The author of the blog Jennifer’s Texas Political blog writes
about the need for an increase in minimum wage. While she makes some very good
points, like the struggles of living with only minimum wage, and how raising it
will cause cost push inflation, and a very unique idea about a floating minimum
wage, I will have to disagree with her. The first thing I think people forget
to realize is that a job is a choice. If you don’t want to work and get paid
the amount of money they offer you (let’s say minimum wage), then you have
every right not to do that job that only pays minimum wage. A wage is what a
business will give an employee for the job, depending how much they think that
job is worth (depending on skill, education, knowledge, how hard it is, etc.).
If someone thinks that a certain job deserves more money, then don’t take the
job.

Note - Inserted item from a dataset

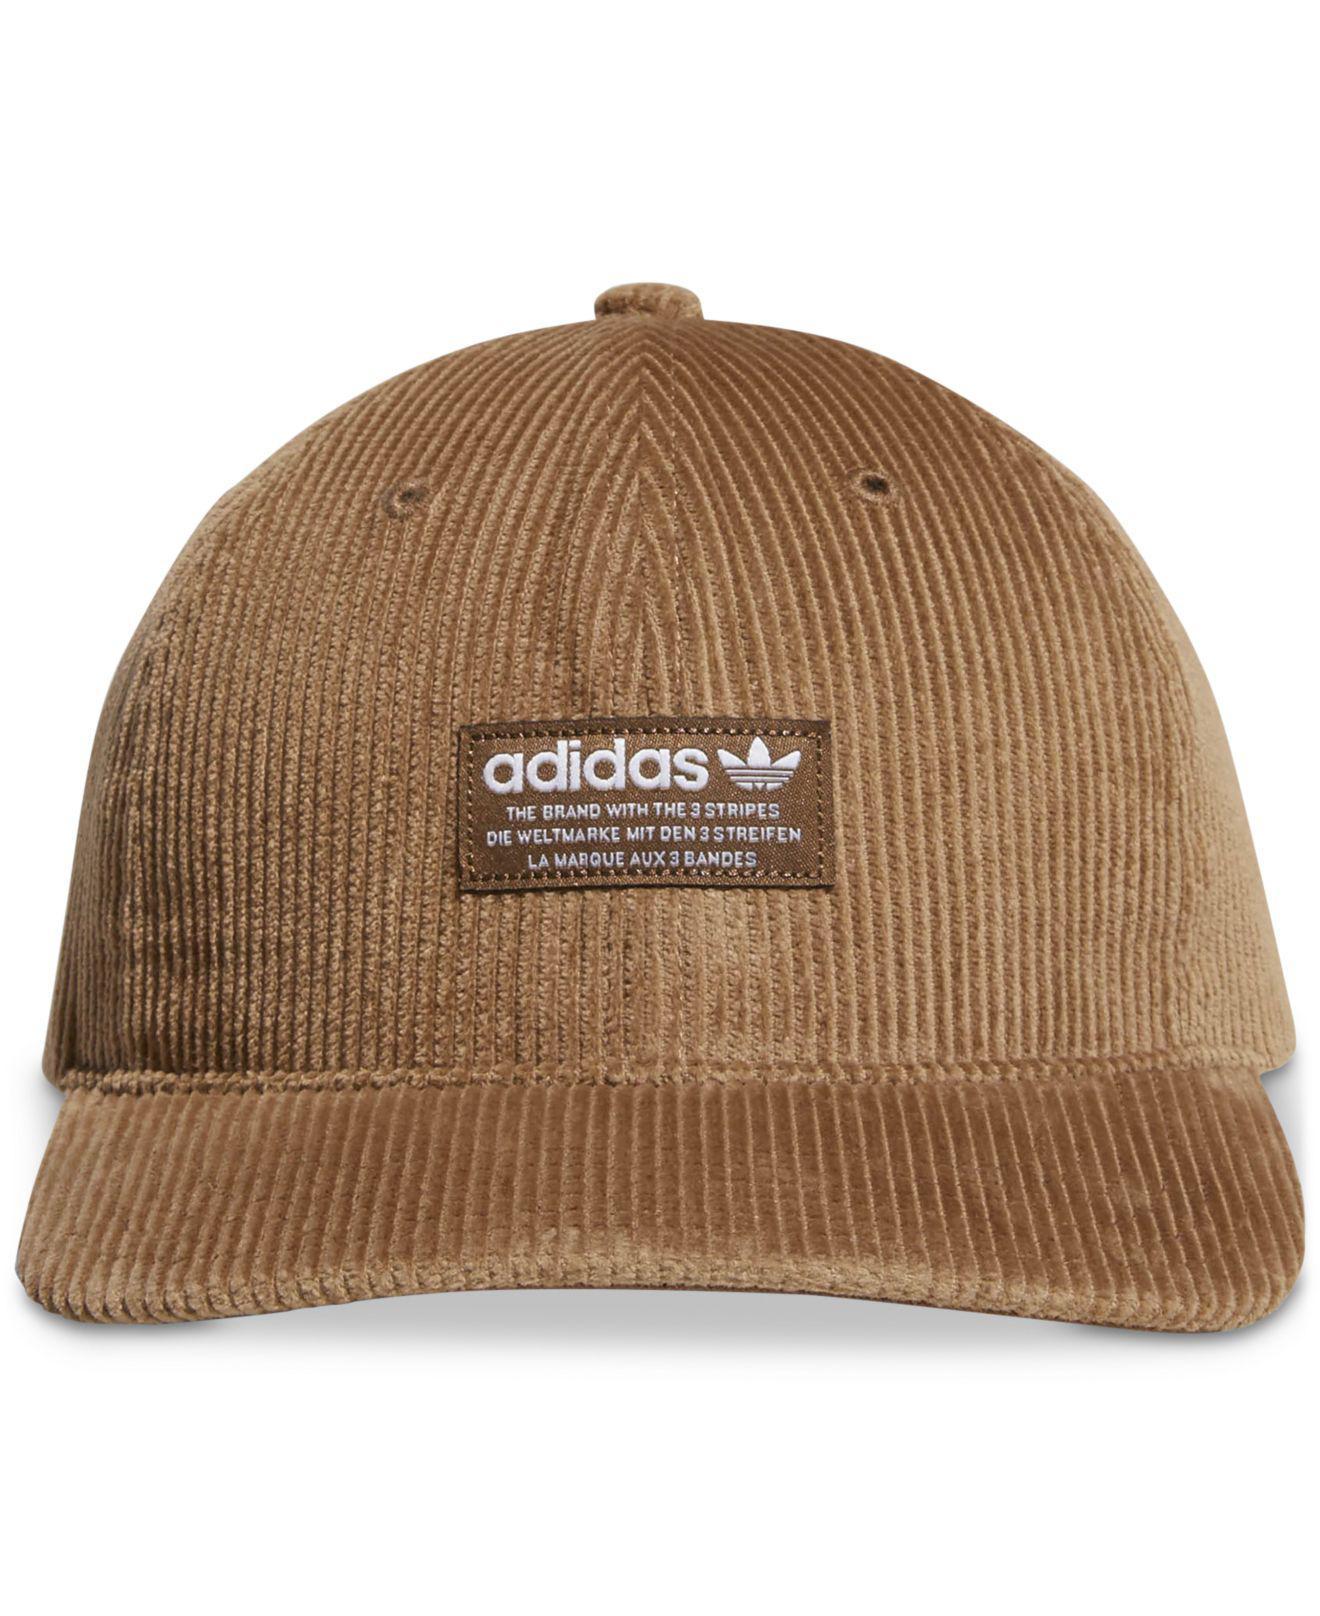 Adidas Originals Corduroy Logo Hat in Brown for Men - Lyst 7d608d97162

And if everyone thinks the same and there is nobody willing to do the job
at minimum wage, then they will increase the wage until people want to have
that job. So setting off this equilibrium by forcing the businesses to pay the
employees more than what the job is worth (and what the employees agree the job
is worth) will only cause problems including lower business profits and more business
closures, cost push inflation, and a shortage of goods because there will be a
lot of people that are able to buy things that they couldn’t buy previously and
there is not enough stuff to go around in the short run. So just raising the base minimum wage will
make the economy stable and not help people in the long run.

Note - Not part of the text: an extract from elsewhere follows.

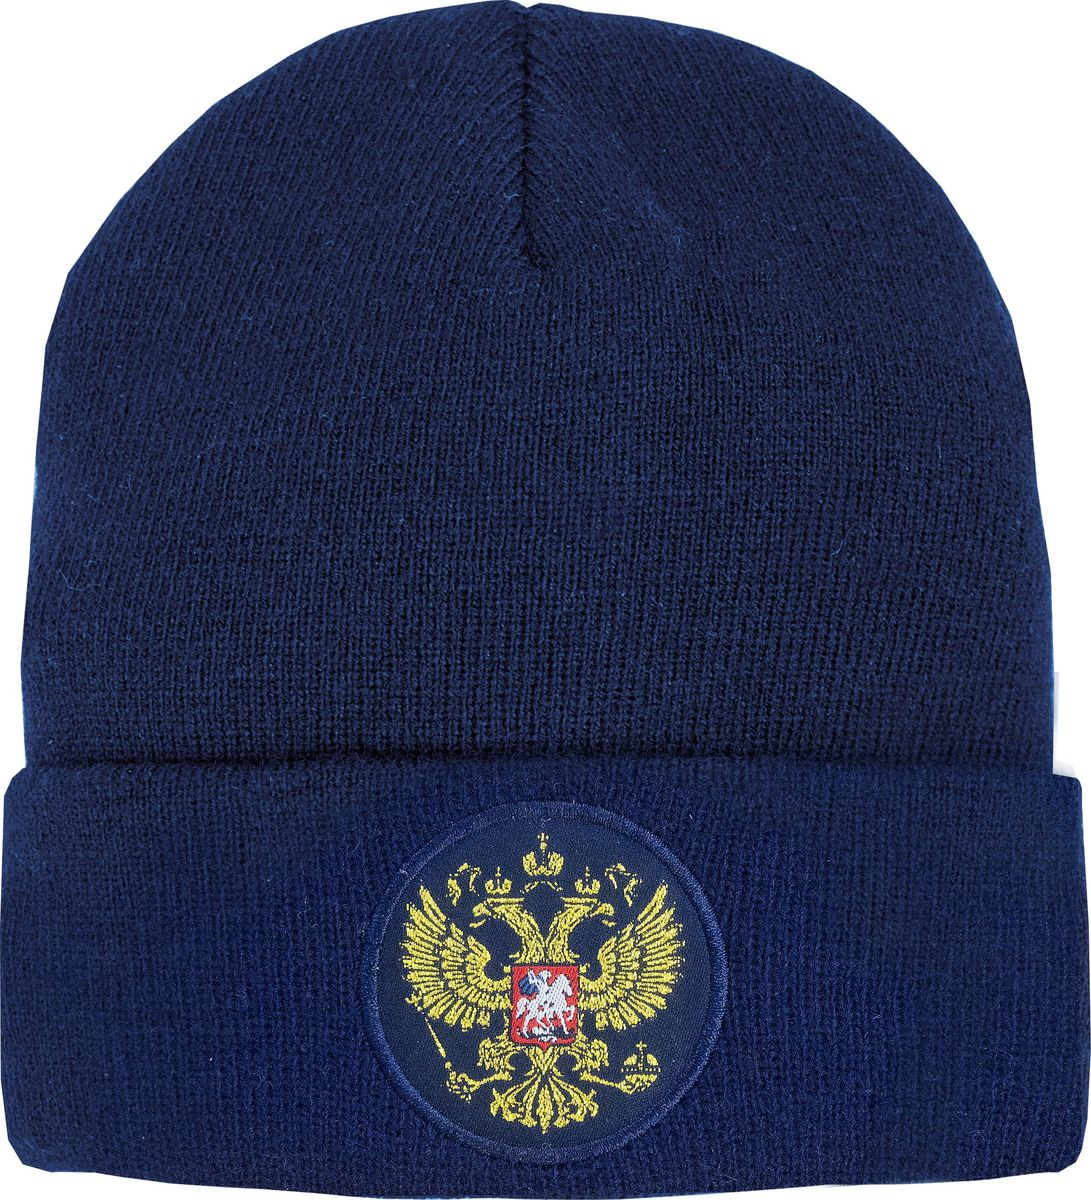 Шапка мужская Atributika & Club Россия, цвет: темно-синий. 11331. Размер 55/5811331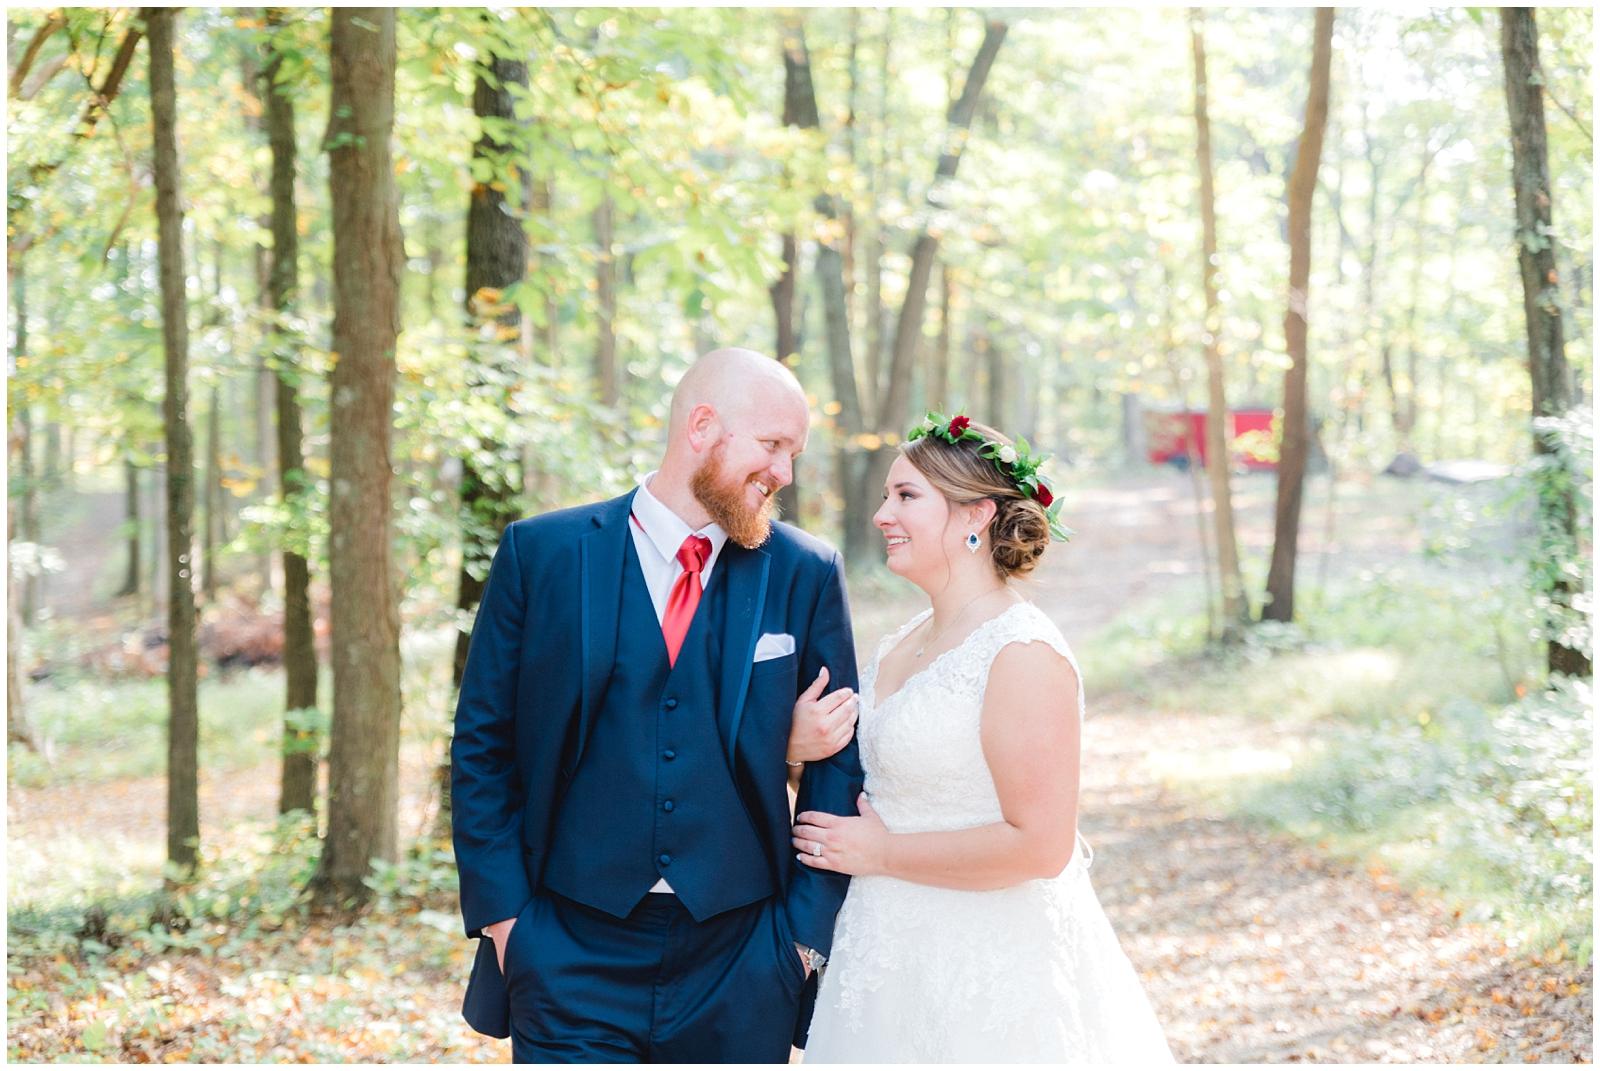 lancaster-ohio-fall-wedding-lra-photo_0022.jpg

She addressed the problem with a very smart and unique model
that makes the minimum wage vary with inflation so that the wage stays the same
relative to the worth of the dollar. This is very smart, and is something that
would happen naturally if the economy is let to run its course, but this can be
done artificially also. But where problems come is if this fluctuating rate
differs from the pace of how actual wages fluctuate. If Bill got a job at 10
dollars an hour, his friends might be at minimum wage which (hypothetically)

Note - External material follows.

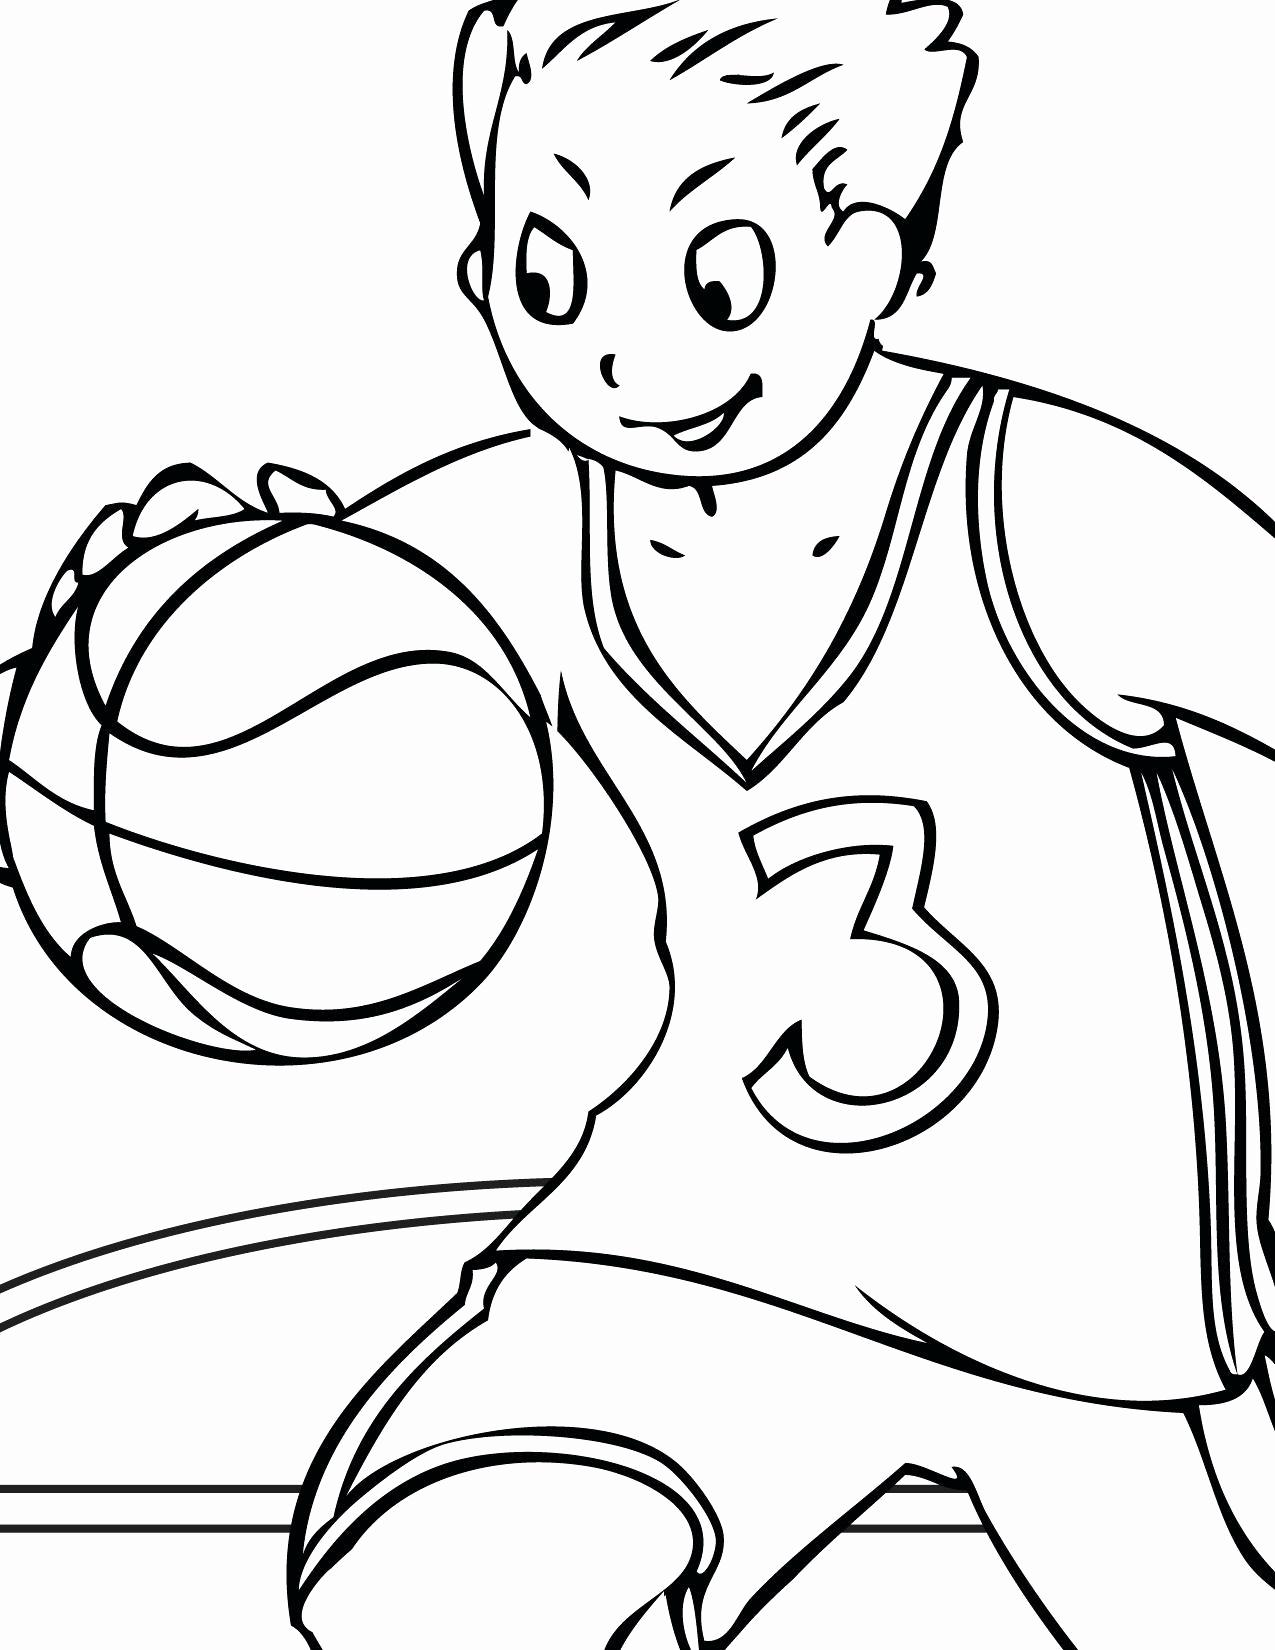 1275x1650 Printable Basketball Court Diagram Luxury Free Basketball Court

are going to range from 7-9 dollars in a year with this new minimum wage model.
Bill will get a raise at the end of his year (which is typical) because he has
been adding worth to his job, but he will only get 10 the whole year until the
raise, while minimum wage is all over the place. Bill’s friends may get a two
dollar raise for the same job during the year while Bill’s wage lowers in comparison
for doing the same job. So under this fluctuating wage other people might
suffer in comparison.
Other problems that can arise is unemployment because more
people want these high paying jobs, or companies turning to robots because they
would be cheaper. So I think a better option would be instead of spending money on wages which are just
going to be offset by something else, more money should be invested in making
people better equipped for the workforce. This would happen by having higher
taxes on businesses, so that the money that would have went towards higher
wages is just going toward better education and cheaper tuition. This way
people are educated and can do harder jobs that are worth more and get a higher
salary.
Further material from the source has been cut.